Twenty years ago, as Morgan Stanley Banker Michael Grimes was helping lead the IPO of the startup behind Google Michael was one of the first people offered the new email service, and he could choose any ID he wanted, so he asked for michael@gmail.com.
Sergey Brin, co-founder of Google, stepped in. Grimes recalls Brin saying, “Oh no, you don’t want that. Gmail is going to be popular. You’re going to be spammed forever.”
Grimes told CNBC he regretted not giving the email address. But the IPO helped cement his reputation as “Silicon Valley’s Wall Street whisperer,” at a time when the tech industry was reshaping investment worldwide.
He describes Google's IPO, which has risen 7,600% over the past two decades, as “historic.”
The companies Grimes has taken public have a combined market value of trillions of dollars. Some have been more troubled, such as FacebookApple went public in 2012, and some of the leading companies in the field of innovative new structures, such as SpotifyThe direct listing was by 'S' in 2018. But Google's listing was groundbreaking.
“It was the beginning of the next era,” Grimes said. “Google (and the other giants that followed) changed the way we work, live and play. They did it in ways bigger than we could have ever imagined and now these trillion-dollar companies are at the forefront.”
Now under the umbrella of parent company Alphabet, the company is worth more than $2 trillion. It’s no longer just in search and advertising, but also includes YouTube, Pixel smartphones, cloud computing, self-driving cars, and generative artificial intelligence among its many business units. It’s a tech company so huge that the Justice Department may be looking to break it up.
Alphabet could not immediately be reached for comment.
At the time of Google’s IPO 20 years ago, the tech industry was still reeling from the dot-com boom of the early 2000s, and investors were wary. Instead of going with a traditional offering, Google decided to go with a process called a Dutch auction, which aimed to democratize the IPO process by allowing a broader group of investors to participate.
The founders' IPO letter began: “Google is not a traditional company. And we don't plan to be one.” It also introduced Google's philosophy: “Don't be evil.”
Grimes said Brin and Larry Page wanted to level the playing field in their IPO: “Their point was, ‘Wait, if a young engineer sells some of her acquired shares from Cisco “Or wherever she is and she wants to put $10,000 into Google, why is she told she's only going to get $500 or nothing? Especially if she's willing to pay the organization $1 more.”
“The auction allocations will be determined based on price and volume, not who you are, and that’s the fun,” Grimes said. “That was the fundamental breakthrough.”
Grimes added that some banks and institutions warned Google’s co-founders about the unusual process and told them it wasn’t the way things were done. But others, like his team, said they would work with them to build.
Winning the “first place” IPO was, and still is, a competitive race. The Morgan Stanley team embraced this format, built a prototype and tested it against a billion bidders.
For the road show, they split into three different teams. Co-founders Brin and Page each led their own team, and CEO Eric Schmidt led the third.
By most accounts, the IPO was a success. Google overcame a weak IPO market and an unproven offering model to achieve strong first-day returns and a market cap of more than $27 billion. From there, the stock continued to rise.
But it took more than a decade for the principles behind Google’s IPO to take off. Consumer tech companies like Facebook (now Meta), Twitter (now X), and LinkedIn (now owned by Microsoft) have gone the traditional IPO route. But several notable listings between 2019 and 2021 included elements consistent with Google’s democratic intent. Airbnb Hosts were offered the opportunity to buy shares at the IPO price. Uber and Lift Robinhood made the stock available to its drivers, giving customers access to its initial public offering.

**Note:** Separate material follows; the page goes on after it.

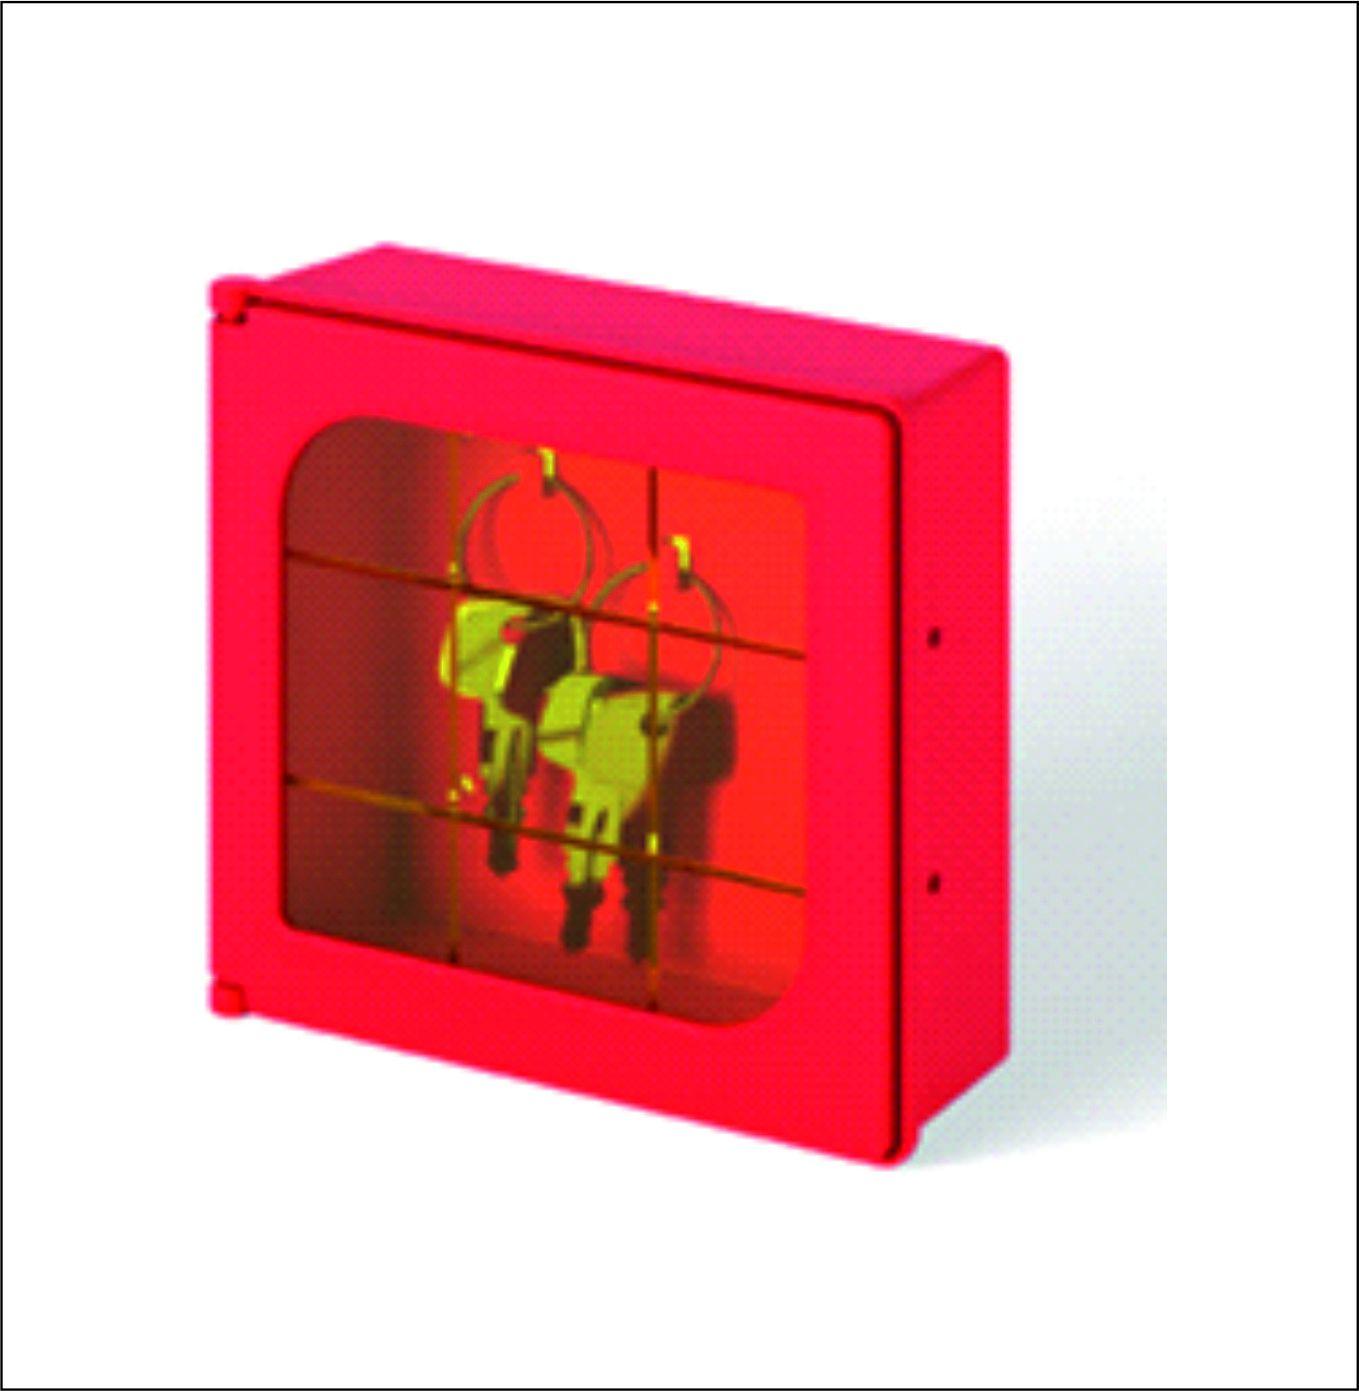 Sarkana stiklota plastmasas atslēgu kastīte

Assessing the impact of Google’s “Don’t be evil” slogan—and how outdated it is—is more complicated. Grimes declined to discuss Google today, saying he couldn’t talk about customers.
Google is now facing accusations of stifling innovation from regulators in the US and Europe, and while the company is at the forefront of the shift to a generative AI platform, search and advertising — still its core — face their biggest existential threat in decades.